I introduced structured prompt starters to reduce cognitive load and provide immediate direction. These prompts guide output quality without removing flexibility.


By replacing the blank state with contextual starting points, the experience shifts from thinking about what to ask to refining what is generated.

Iteration & Rapid Prototyping

I approached Ask Backtrack as a behavior-driven interface rather than a traditional chat UI. The goal was to reduce hesitation and make AI feel embedded in workflow, not separate from it.

Iteration 1: Minimal Entry Point

The initial prototype centered on a single input field with a neutral greeting. While clean, it created a blank-state problem. Users had to decide what to ask before receiving value, which slowed engagement.

Issue identified: High cognitive load at first interaction.

Iteration 2: Guided Prompts

To reduce friction, I introduced structured prompt starters above the input field. These acted as high-signal entry points for common tasks such as drafting follow-ups or summarizing meetings.

This shifted the experience from “What should I type?” to “Which action do I need?”

Result: Faster task initiation and clearer value proposition.

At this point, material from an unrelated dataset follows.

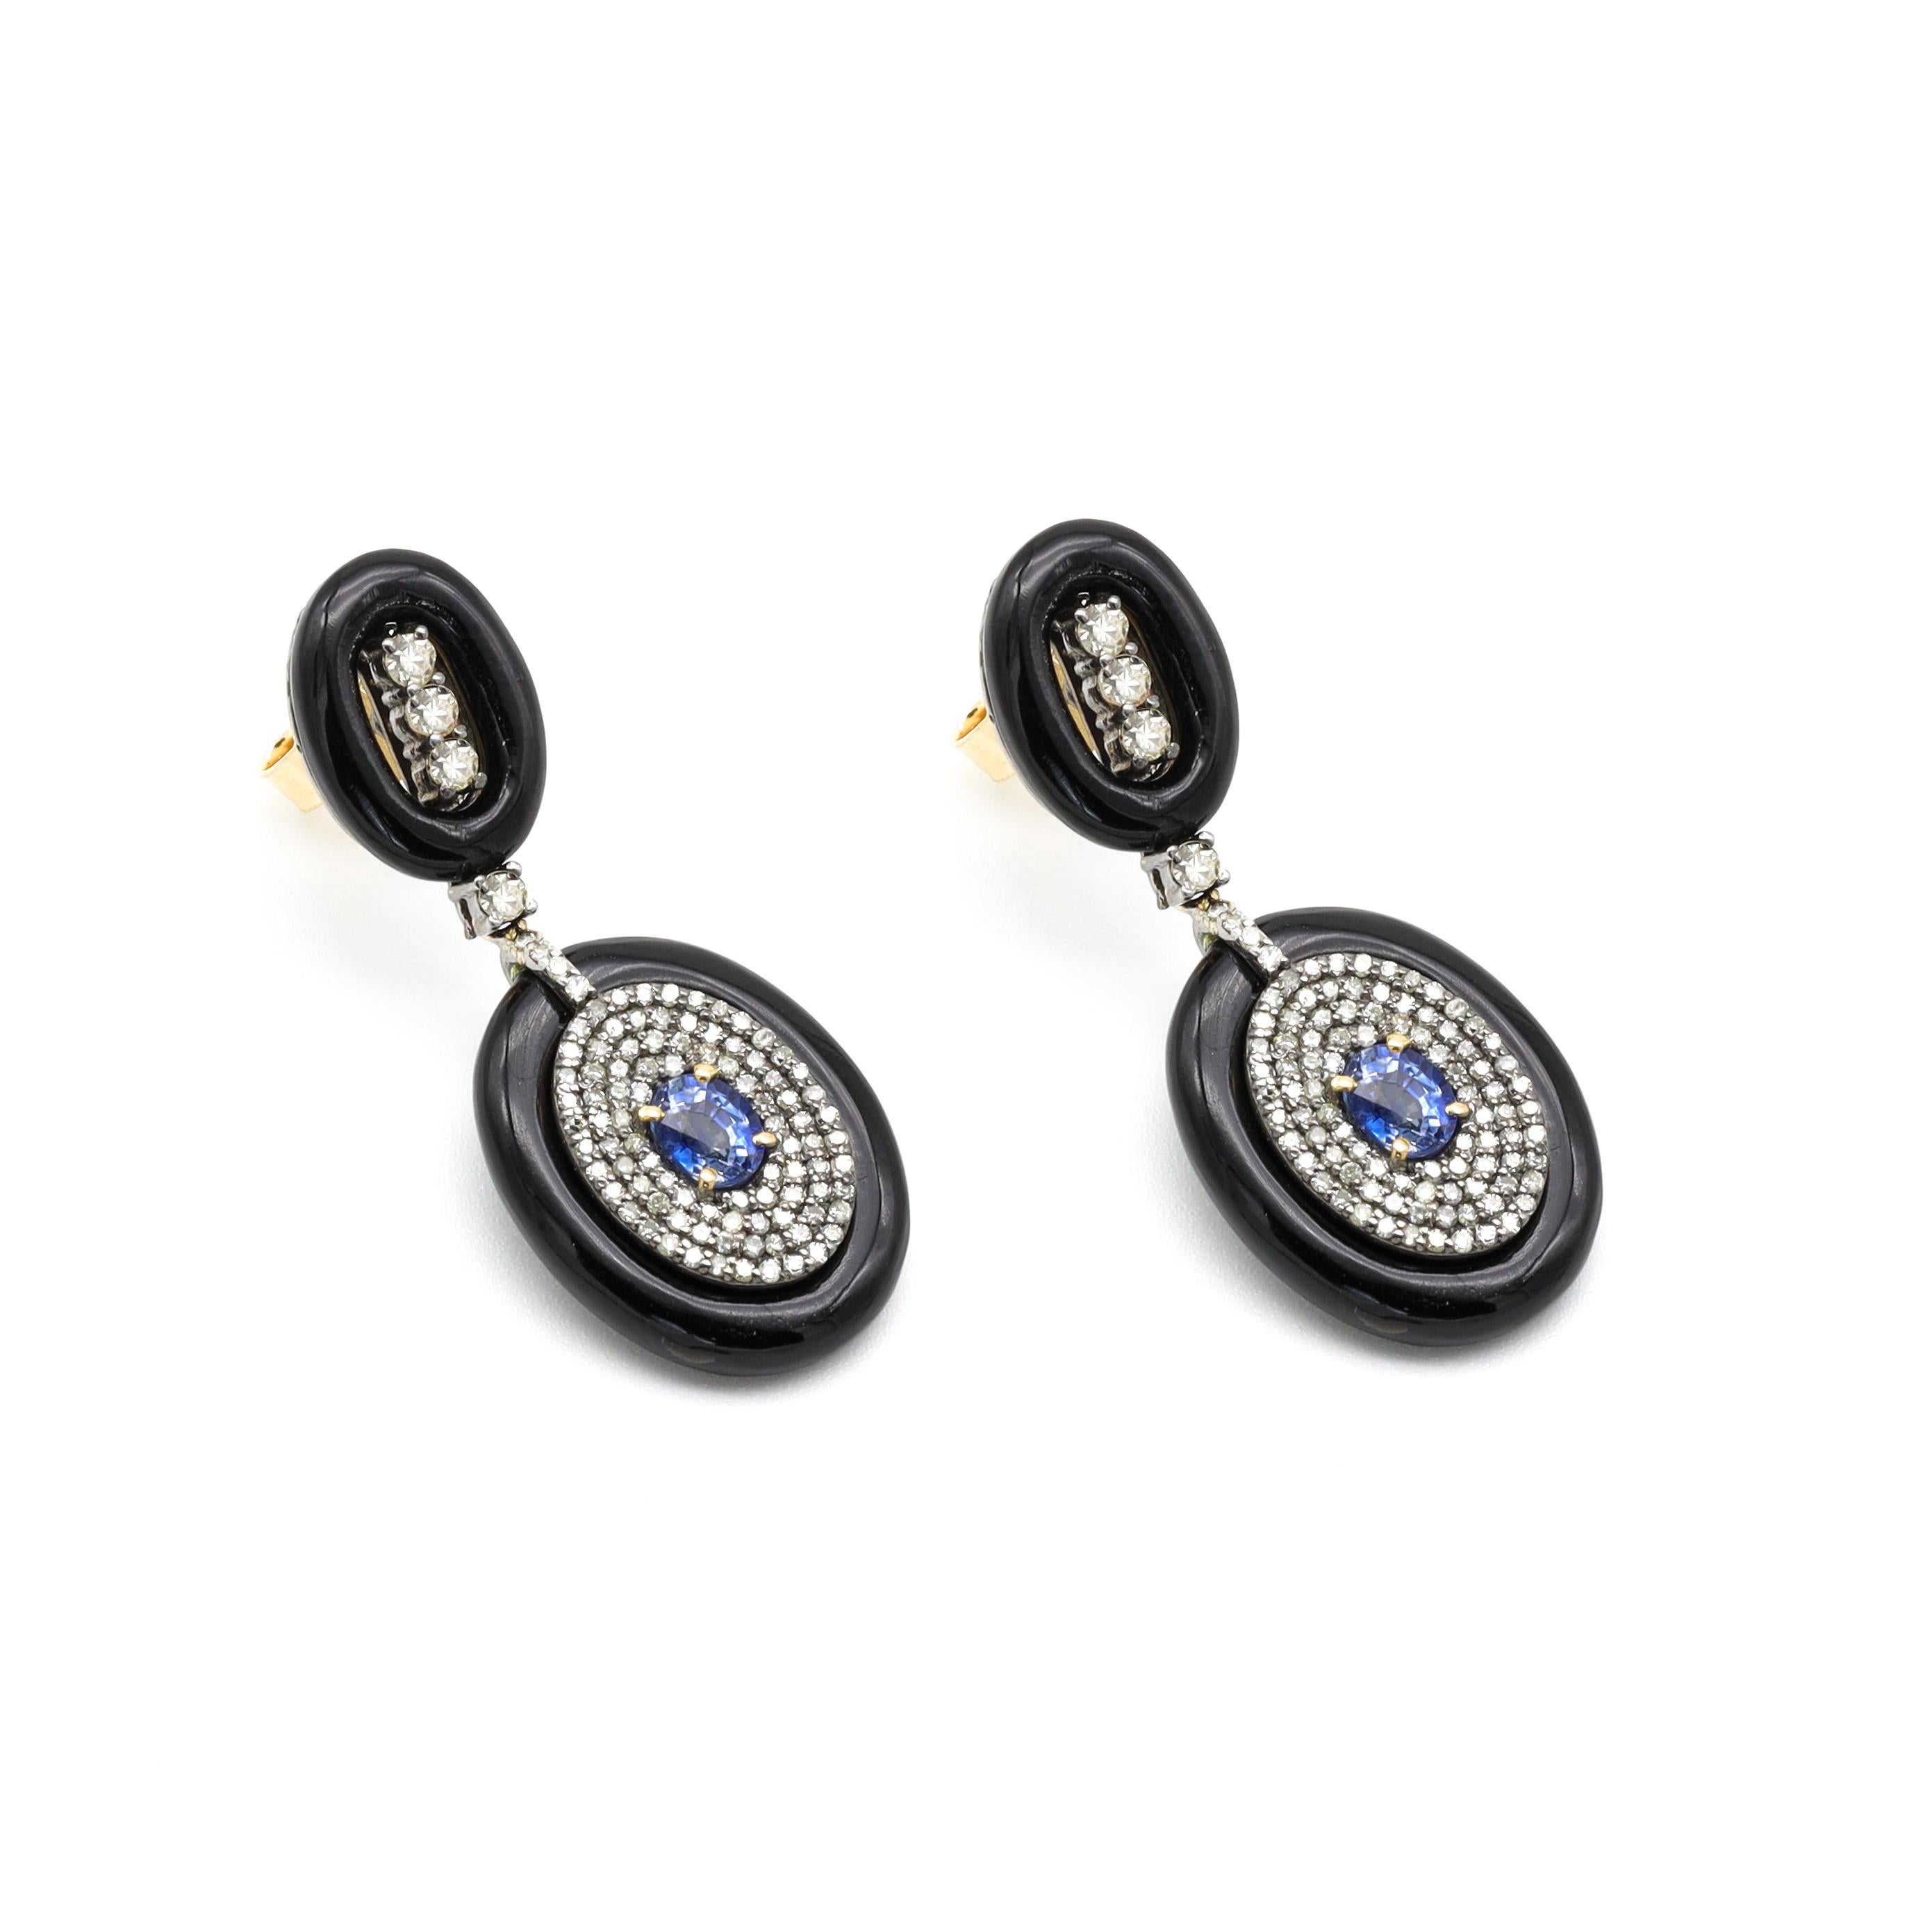 Diamond, Sapphire, and Black Onyx Drop Earrings

This art-deco glorious black onyx, cornflower blue sapphire, and diamond earring pair is exceptional. The oval blue sapphire in the center is gracefully enclosed with three overlapping rows of pave

Iteration 3: Conversational Refinement

The next iteration focused on post-response behavior. I tested inline refinement prompts like “Make this more casual” to encourage iterative editing rather than one-off generation.

This reinforced the idea that the tool supports user judgment rather than replacing it.

Insight: AI interactions feel more trustworthy when users can easily adjust tone and intent.

Key Features

1

Guided Prompts

One-click access to common tasks (follow-ups, summaries, action items)

2

Inline Editing

Users edit AI outputs directly without copying elsewhere

3

Tone Adjustment

Simple requests ("make it more casual") let users refine voice

4

Context-Aware

Prompts reference meeting participants and topics for personalization

Final Design

Outcomes & Key Takeaways

Revealed Edge Cases

Realistic copy exposed issues before development

Built Trust

Tone controls gave users confidence in outputs

Reduced Friction

Pre-built prompts eliminated blank-page paralysis

AI Design is About Control

Users don't want automation, they want acceleration. Editing controls and tone adjustments increased trust.

Prompt Design is Product Design

Crafting prompts that are specific yet natural was critical to feeling effortless.

Realistic Content Reveals Problems

Using ChatGPT during design exposed tone mismatches and edge cases that lorem ipsum would have hidden.